# Catalina and TM issues



## Zenon (Oct 30, 2019)

It seems Time Machine is causing my MacBook Air to restart. It is running AFPS. I see it created  two drives. HD and HD - Data. TM seems confused between the two drives.  I have sent crash reports to Apple. I have been reading about it and as I'm typing the laptop is going through a 35 minute update.  We''ll see what this update does.  I found this.

https://discussions.apple.com/thread/250729848


----------



## Zenon (Oct 30, 2019)

Well it appears having two drives is normal. I'm still checking this out. This may be self inflicted. I have been using TM on a portable drive for years. It is partitioned and I keep files on the other half. I plugged it into the iMac and immediately unmounted TM.  I'm doing some extra DATA backup for my iMac. I think TM picked something up from the iMac. I have erased it several times and still not right. After the last wipe I opened it and it showed no backup folders but when I opened TM it went back 1/2 hr. I erased and renamed it and  I'm trying again. Might have to get rid of it.

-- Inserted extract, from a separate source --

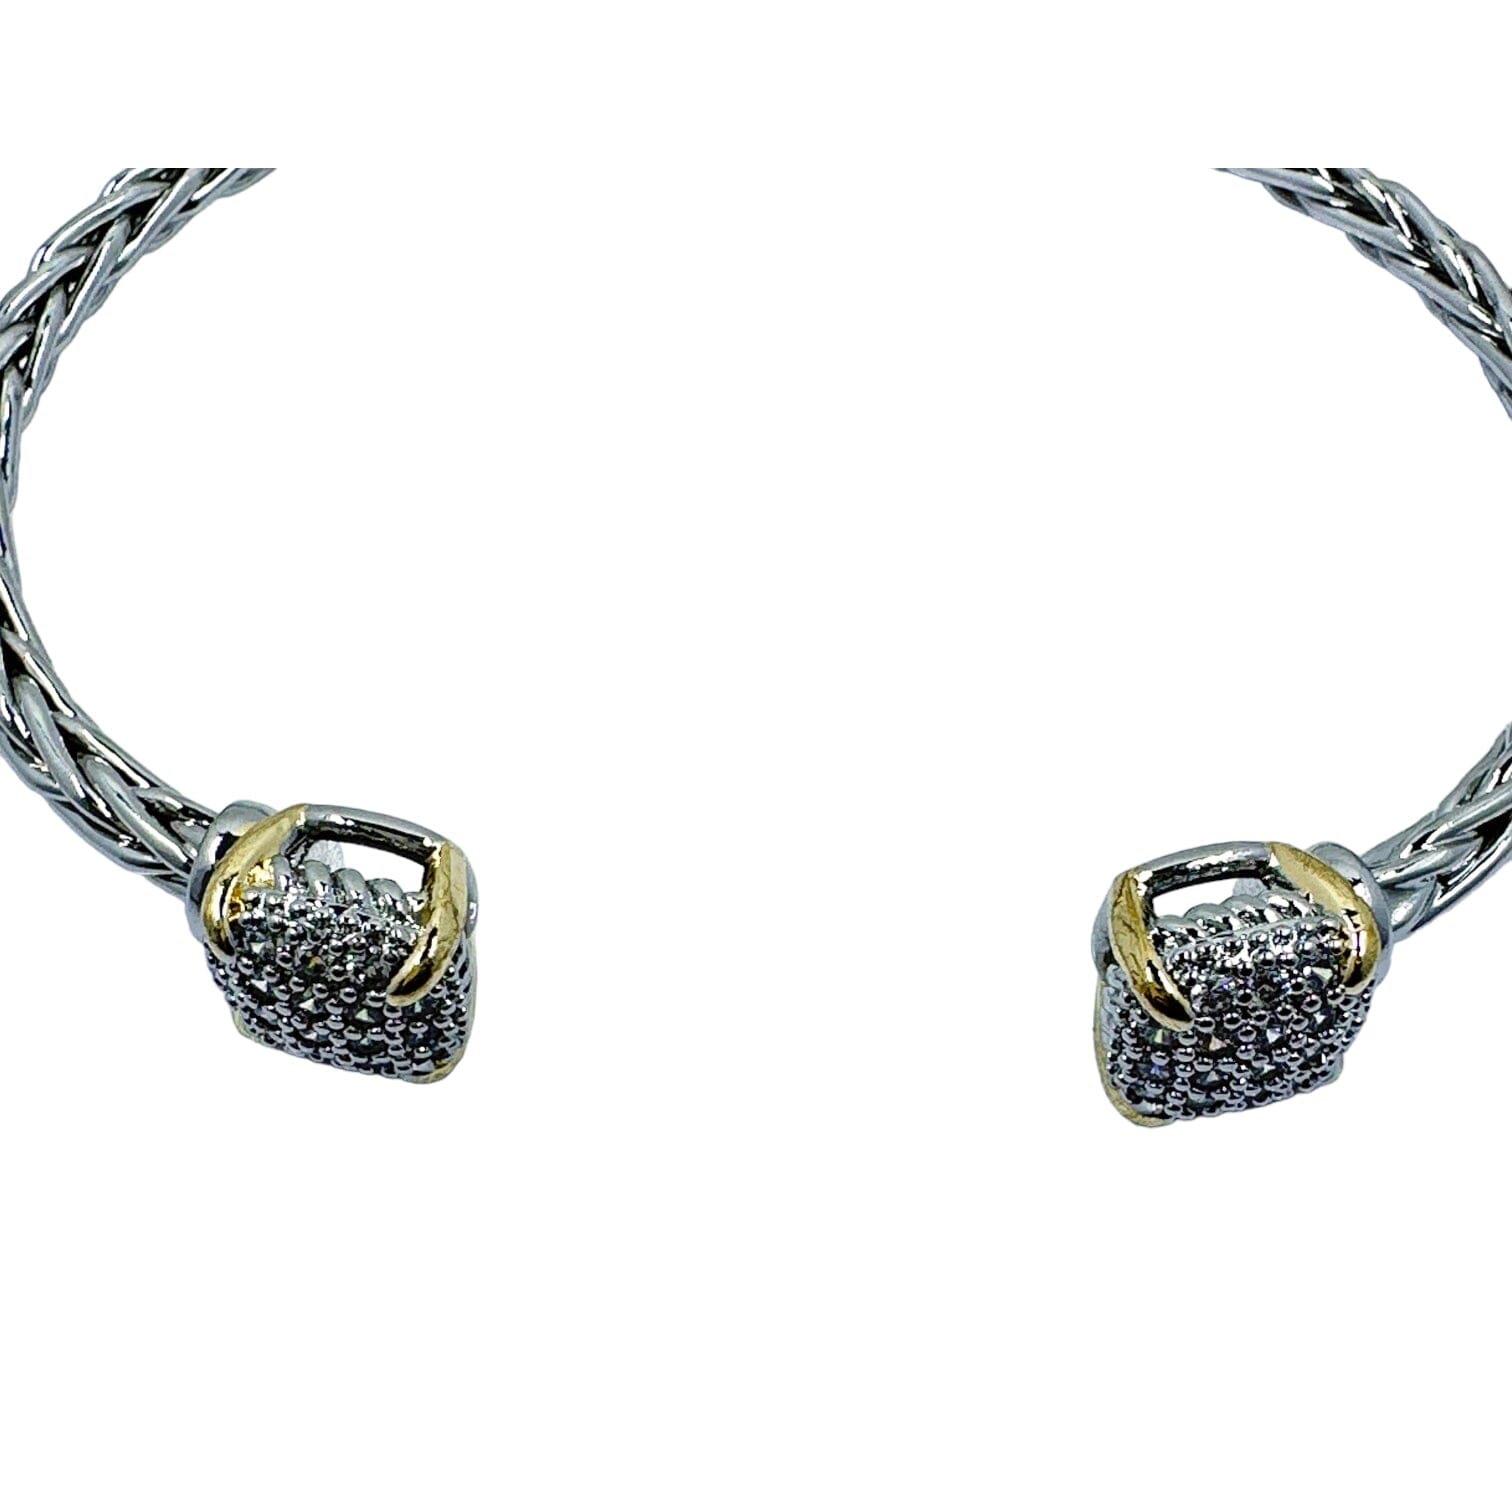 Karen Square Braid Cable Bracelet Bracelets TRENDZIO Silver 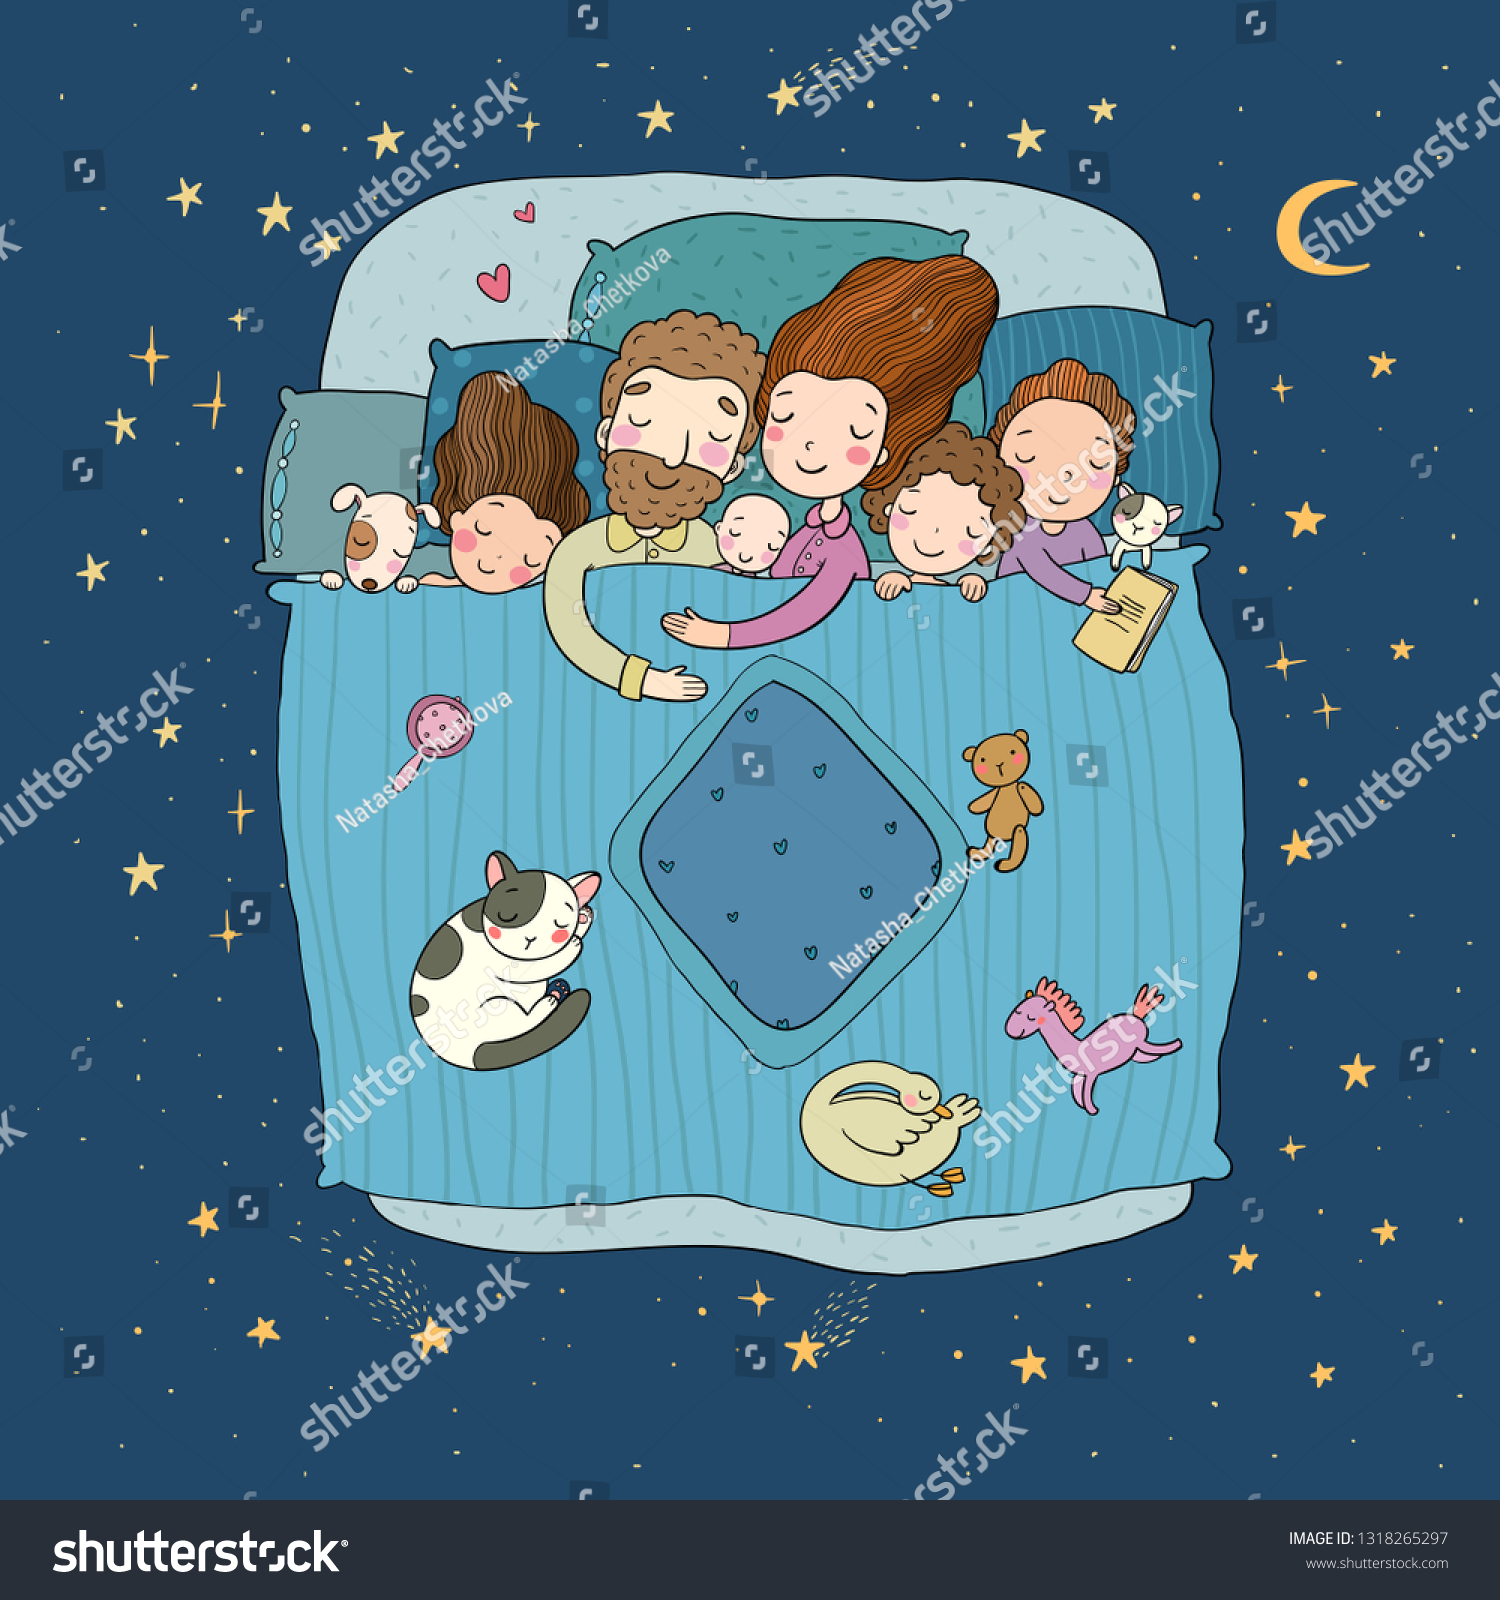 Family Sleep Bed Cartoon Mom Dad: vetor stock (livre de direitos

Timing is bad.  New OS and this happens so it is hard to tell what is the cause.


----------



## Zenon (Nov 1, 2019)

Not much interest but here it goes. Reformatted and renamed TM seemed to work. I was doing something else and had WiFi enabled on the iMac and on the air. Wednesday even it happened again. Got stuck on the preparing stage. I disabled WiFi on both devices and it has not happened since.


----------



## Zenon (Nov 3, 2019)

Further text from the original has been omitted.